Kind of choice | "fortunate" | "unfortunate" | neutral |
List1 rank of P1 | 9 | 10 | 1 |
List1 rank of P2 | 13 | 6 | 0 |
List2 rank of P1 | 9 | 10 | 1 |
List2 rank of P2 | 14 | 4 | 1 |
Total | 45 | 30 | 3 |
TABLE 1
Thus out of 78 choices, 45 choices were "fortunate".
Puzzling Logic:
We cannot understand how this data can be reconciled with BBM's claim
"that almost always (though not quite always)" WRR's choices were "fortunate".
On page 18, there are two other statements:
1. "---use of combination of date forms (and also using both forms
of the 15th and 16th of the month) is superior to any single date form."
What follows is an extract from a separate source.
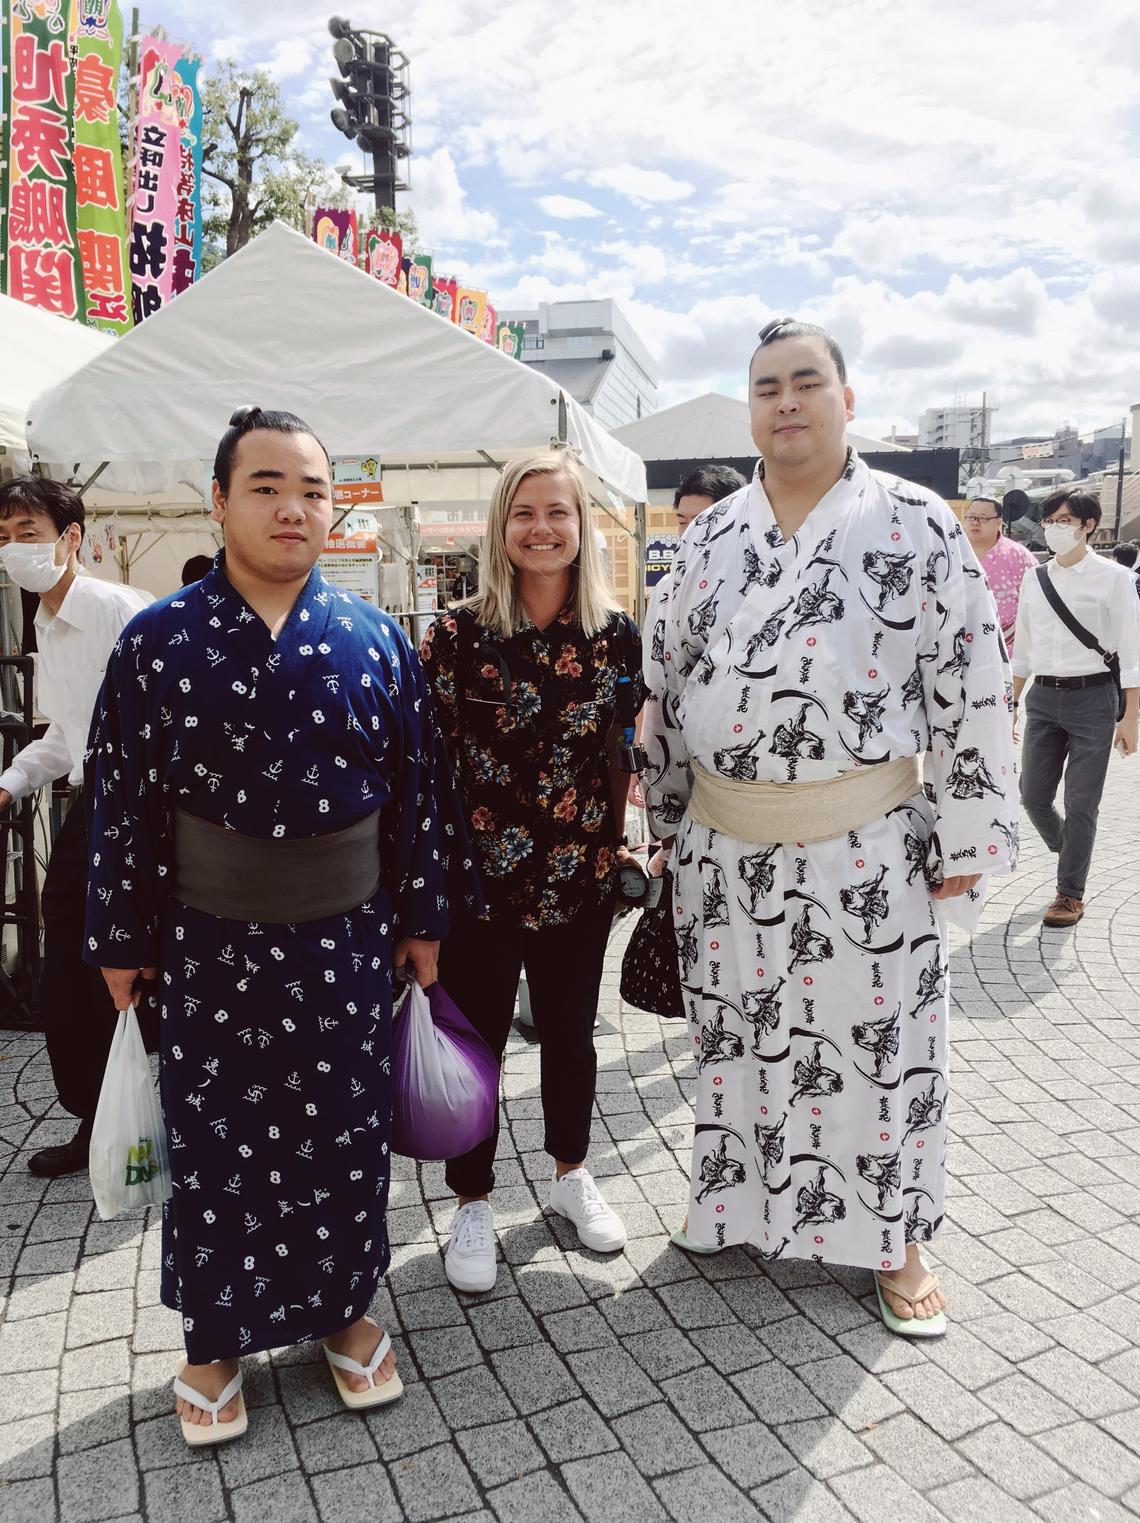 University of Calgary School of Architecture, Planning and Landscape master's grad Ashley Ortlieb says her study abroad experience in Tokyo was amazing.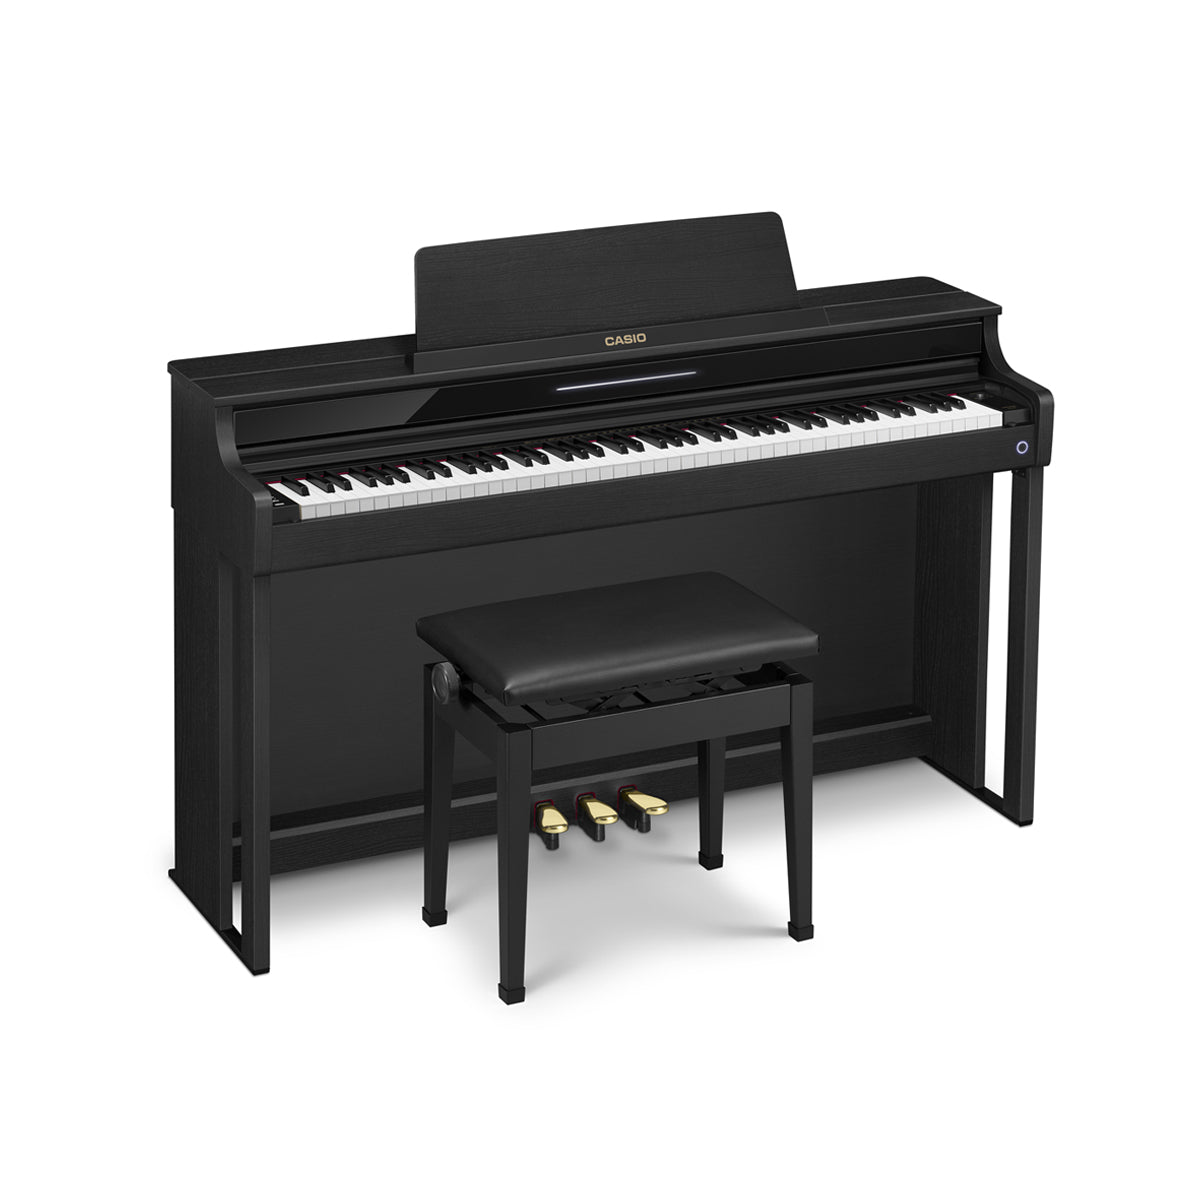 Casio AP-550BK Celviano 88 Weighted Keys Black Digital Piano includes Adapter and Piano Bench

2. "Moreover, the triplet of date forms used by WRR is superior to
any of the other 14 choices".
However, it is simply not so. The rank of P2 for List1, using the "triplet
of date forms used by WRR" is 36 out of 1,000,000 permutations. But using
only the single date form b'alef Tishrey, the rank becomes smaller:
8 out of 1,000,000 permutations. Using the pair of date forms: b'alef Tishrey
and alef b'Tishrey, the rank becomes even smaller: 1 out of 1,000,000.
[The calculations were done with the same programs and seed as in the original
experiment].
Until now, we have examined some of BBM's results as they stand, ignoring
the discussion if they are at all relevant. But, at this stage, the reader
must be aware of two simple facts:
a. The measuring parameters, and the forms of writing the dates, were
established even before the first experiment (List1), and were published
before the researchers were asked to perform the second experiment (List
2). The calculation of choices, therefore, must be done only with regards
to the first experiment.
b. In the first experiment (as well as in the second), the only indicators
of success were the raw values of the measures P1 and P2.
The only criterion to judge if a choice was “fortunate” - i.e. improved
the result - is according the raw values of the measures P1 and P2. Any
analysis of the choices aiming to uncover possible process of optimization,
must be done relating these raw values. Therefore, it is extremely strange
that BBM's analysis was performed according to an irrelevant test: the
test of permutations, which was suggested two years after the publication
of all the choices.
The Basic Logical Error:
BBM understand the lack of logic behind their claim and they write:
“Some might claim that it is not “fair” that the choices were tested
with respect to their effect on the permutation race rank, because this
statistic had not yet been developed when the choices were made.” – This
is an understatement.
Mathematician Robert J. Aumann has already criticized such analysis
of Maya Bar Hillel: “For this to make sense, clearly the statistic to be
calculated in connection with each choice should be the one with which
WRR were working at the time that the choice in question was made. Here
is problem no. 1 with Maya's tests: she does NOT do this.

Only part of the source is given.